>>>
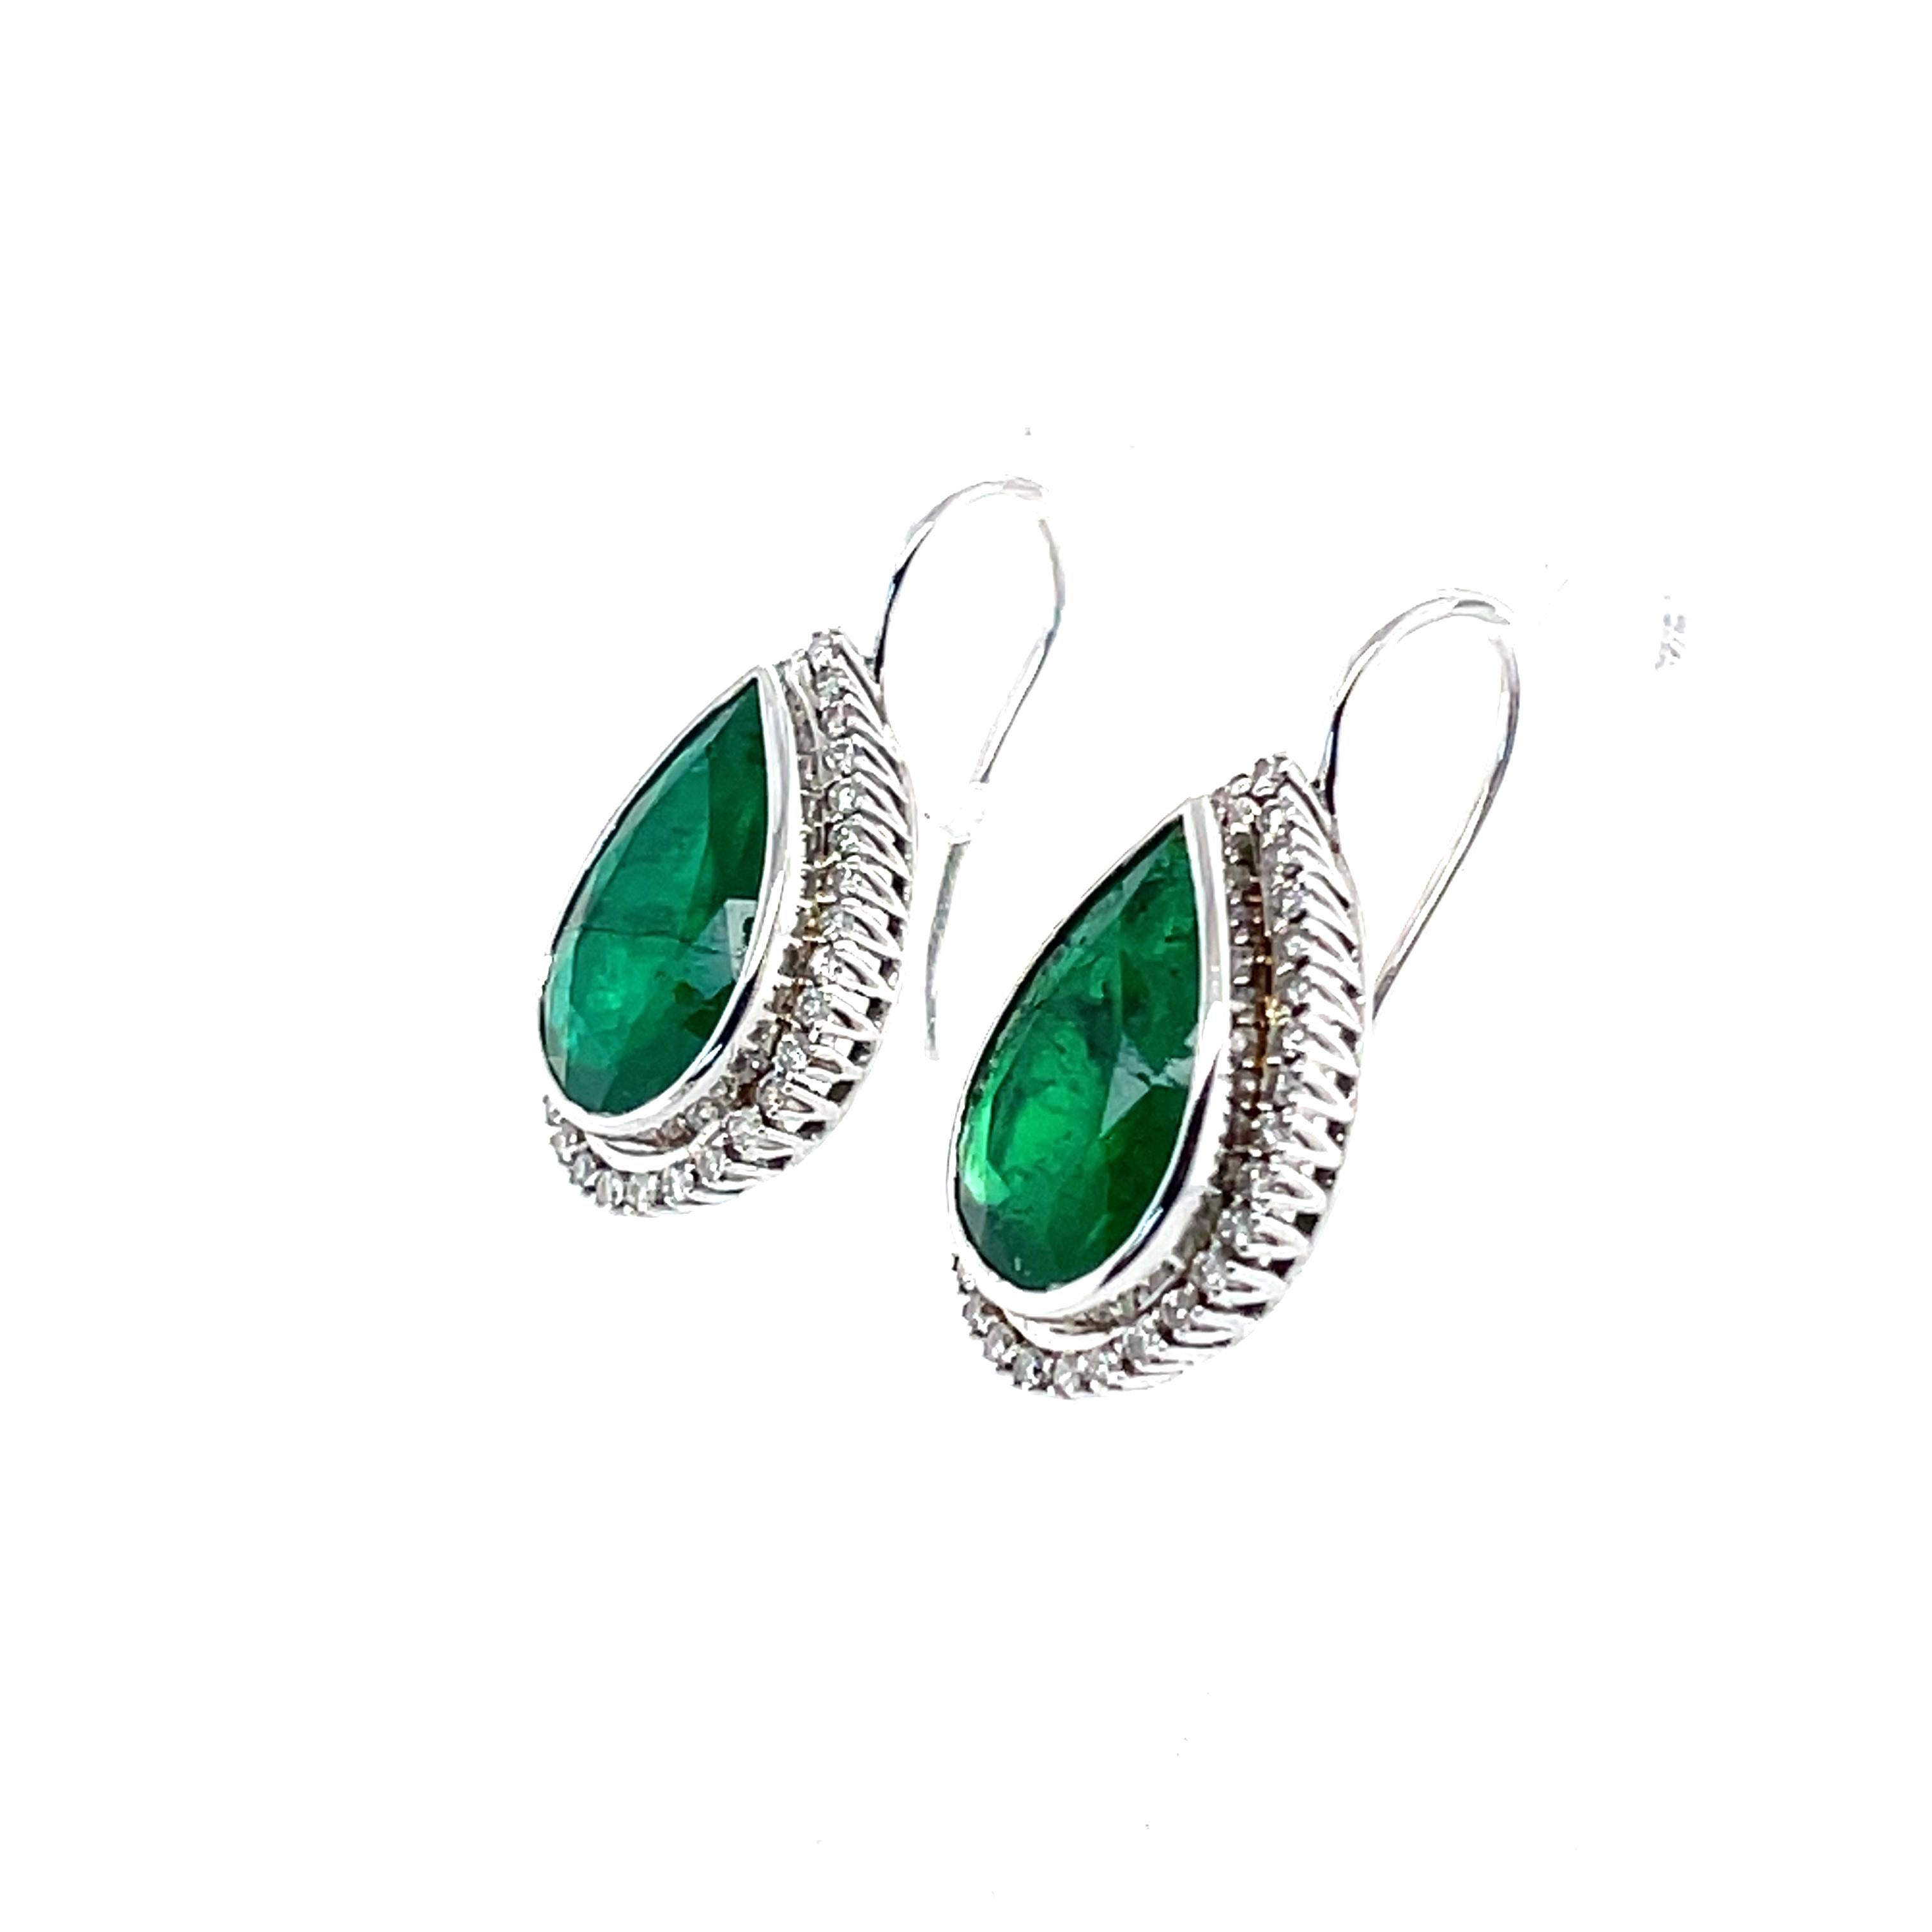 Teardrop shaped natural emeralds, complemented by a stunning range of natural round brilliant cut diamonds, complemented by a polished finish design.

Emerald Weight: 6.56ct
Emerald Colour/Grade: Medium, Strong, Green. 
Dimensions: 13.45mm(L) x
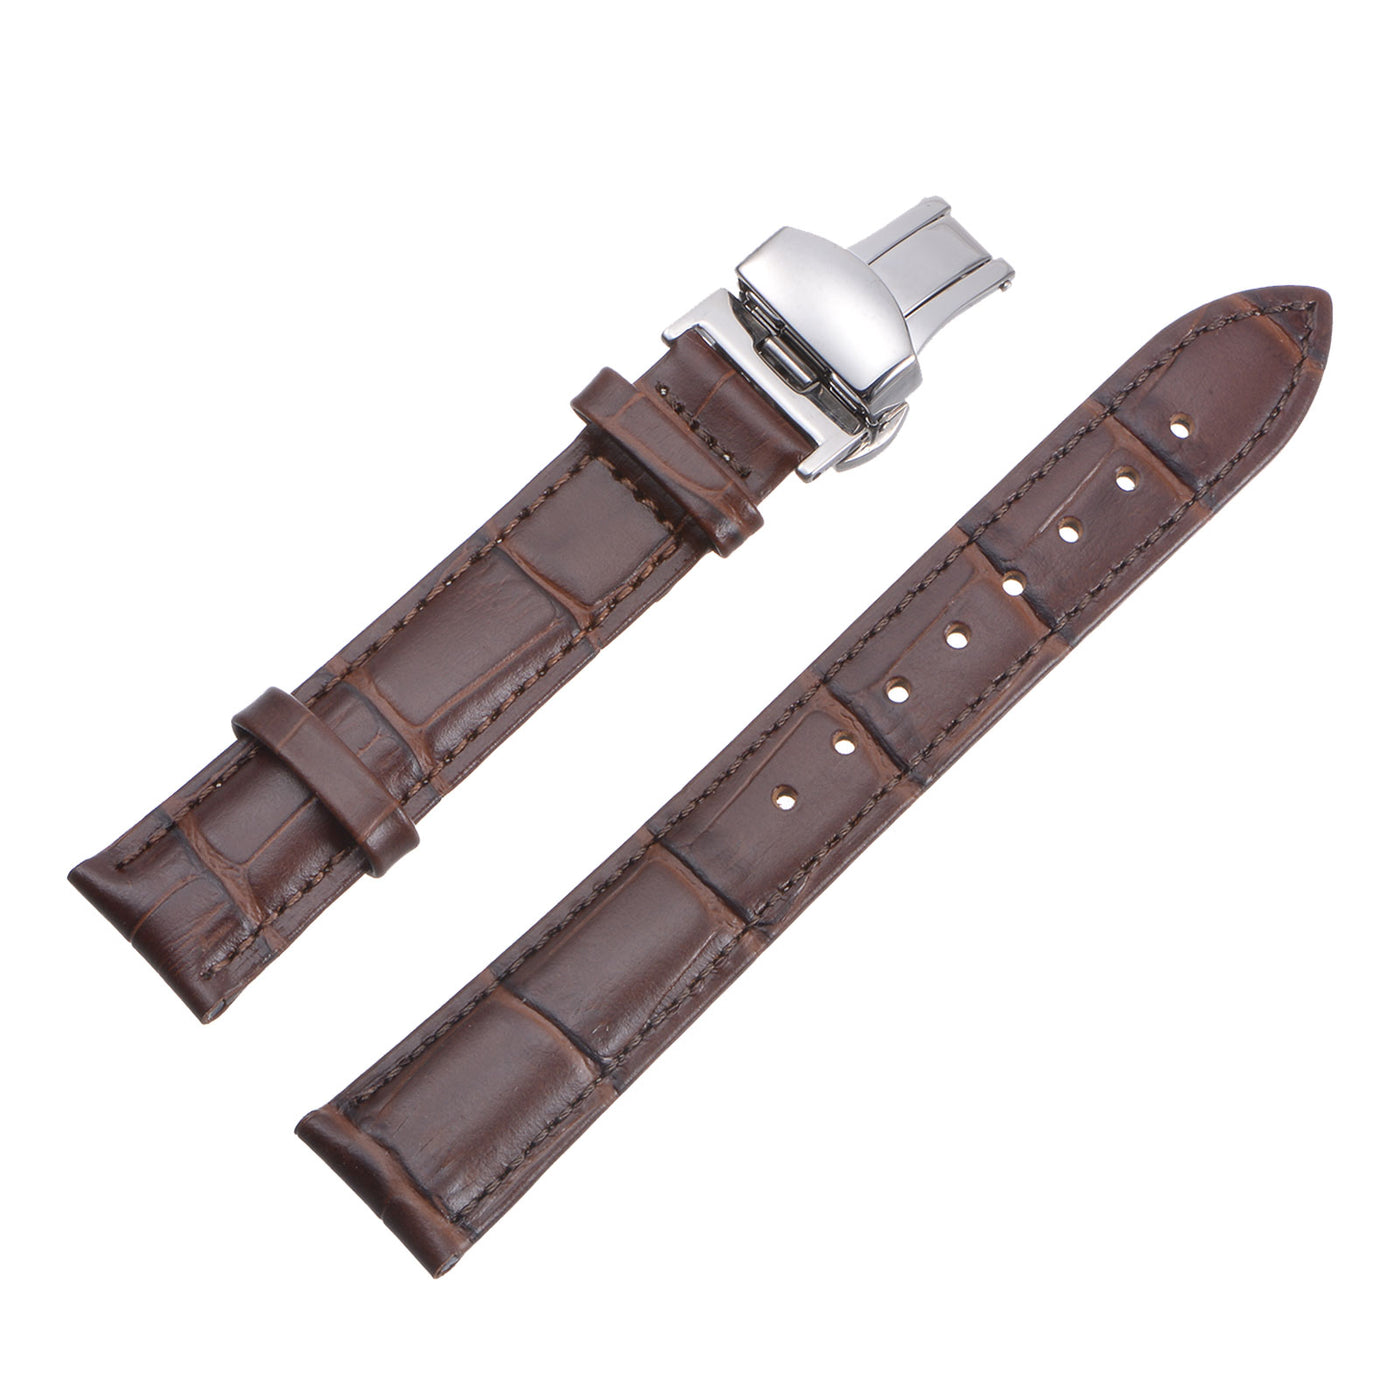 Uxcell Uxcell Cowhide Leather Band Deployment Buckle Watch Strap 19mm with Spring Bars, Black
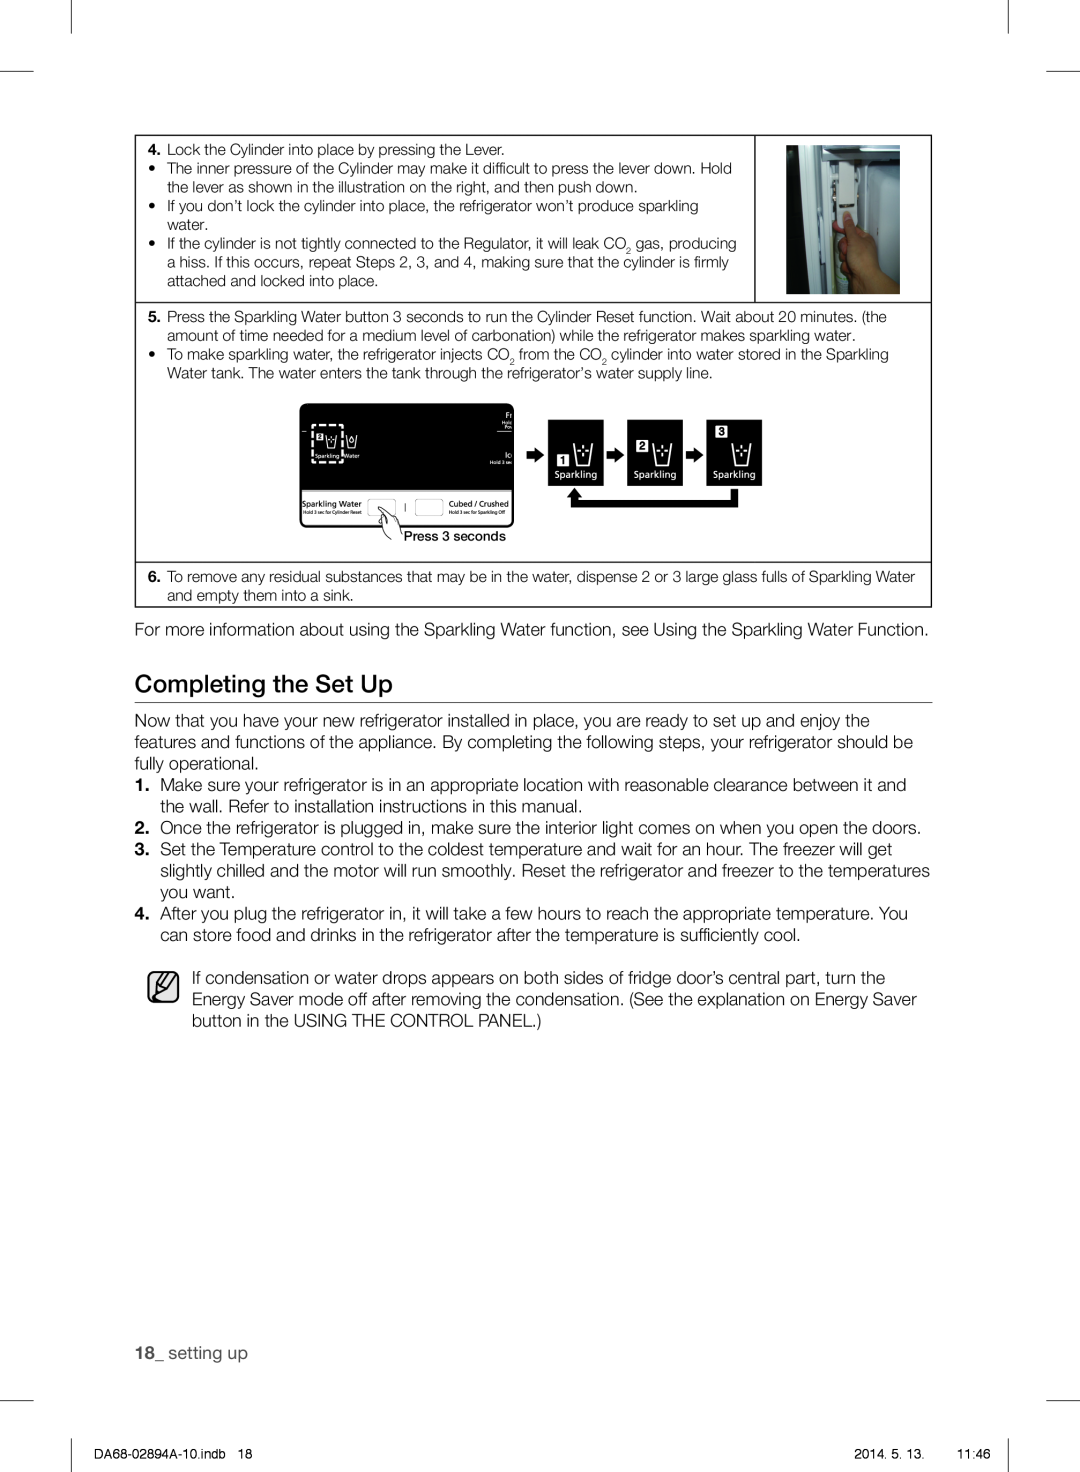 Samsung RF31FMESBSR user manual Completing the Set Up, 18_ setting up
<<<
#### About this task:
Write out the whole listing verbatim, images excluded.

#### Answer box:
 Teardrop shaped natural emeralds, complemented by a stunning range of natural round brilliant cut diamonds, complemented by a polished finish design.

Emerald Weight: 6.56ct
Emerald Colour/Grade: Medium, Strong, Green. 
Dimensions: 13.45mm(L) x
 Uxcell Uxcell Cowhide Leather Band Deployment Buckle Watch Strap 19mm with Spring Bars, Black
 Samsung RF31FMESBSR user manual Completing the Set Up, 18_ setting up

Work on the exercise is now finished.